Merkel will Ende der Debatte um Nato-Ausgabenziel
Merkel forderte, die Debatte um die in der Nato vereinbarten Ausgaben für Verteidigung endlich zu beenden. "Wir müssen aufpassen, dass wir international nicht in eine etwas zwiespältige Rolle kommen." Auf der einen Seite werde beklagt, was bei der Bundeswehr alles nicht funktioniere. Auf der anderen Seite stelle Deutschland als "einziger Mitgliedstaat der Nato" infrage, "welchen eigenen Verpflichtungen für den Zielkorridor der Ausgaben wir zugestimmt haben", sagte Merkel. "Das passt nicht zusammen und damit wird man kein verlässlicher Verbündeter."
Zwischen Union und SPD gab es immer wieder Uneinigkeit über das von den Nato-Staaten vereinbarte Ziel, zwei Prozent des Bruttoinlandsproduktes (BIP) für Verteidigung auszugeben. Unionspolitiker pochen darauf, dieses Ziel zu erfüllen. SPD-Vertreter, zuletzt Außenminister Sigmar Gabriel (SPD), stellen die Erfüllung des Nato-Ziels infrage.
Merkel für mehr Einsatz gegen Syrien-Gräuel
Die Kanzlerin plädierte auch für ein stärkeres Engagement der EU im Syrien-Konflikt. "Was wir im Augenblick sehen, die schrecklichen Ereignisse in Syrien, der Kampf eines Regimes nicht gegen Terroristen, sondern gegen seine eigene Bevölkerung, die Tötung von Kindern, das Zerstören von Krankenhäusern, all das ist ein Massaker, das es zu verurteilen gilt", sagte sie.

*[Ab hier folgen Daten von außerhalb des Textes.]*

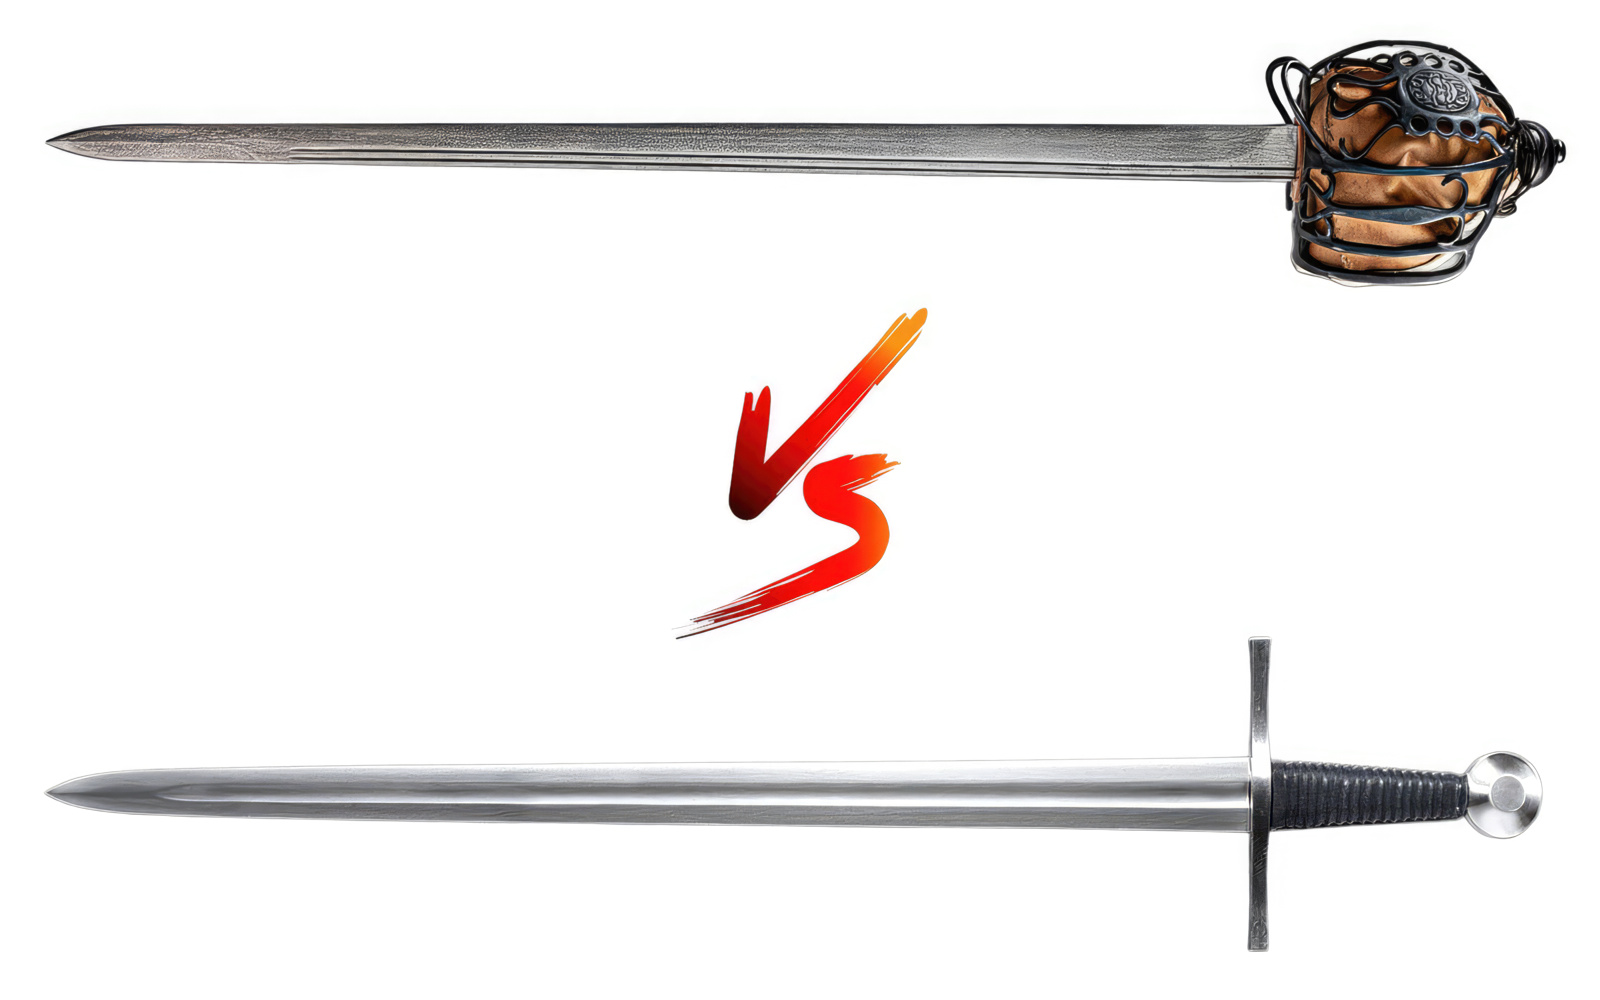 Broadsword vs Arming Sword: Terms, History, and Combat Uses

In dieser Situation liege die Aufforderung, "zu versuchen, eine größere Rolle dabei zu spielen, dass wir ein solches Massaker beenden können. Und darum müssen wir uns als Europäer bemühen", sagte Merkel. Dies gelte insbesondere auch für die Verbündeten des syrischen Machthabers Baschar al-Assad, Russland und den Iran.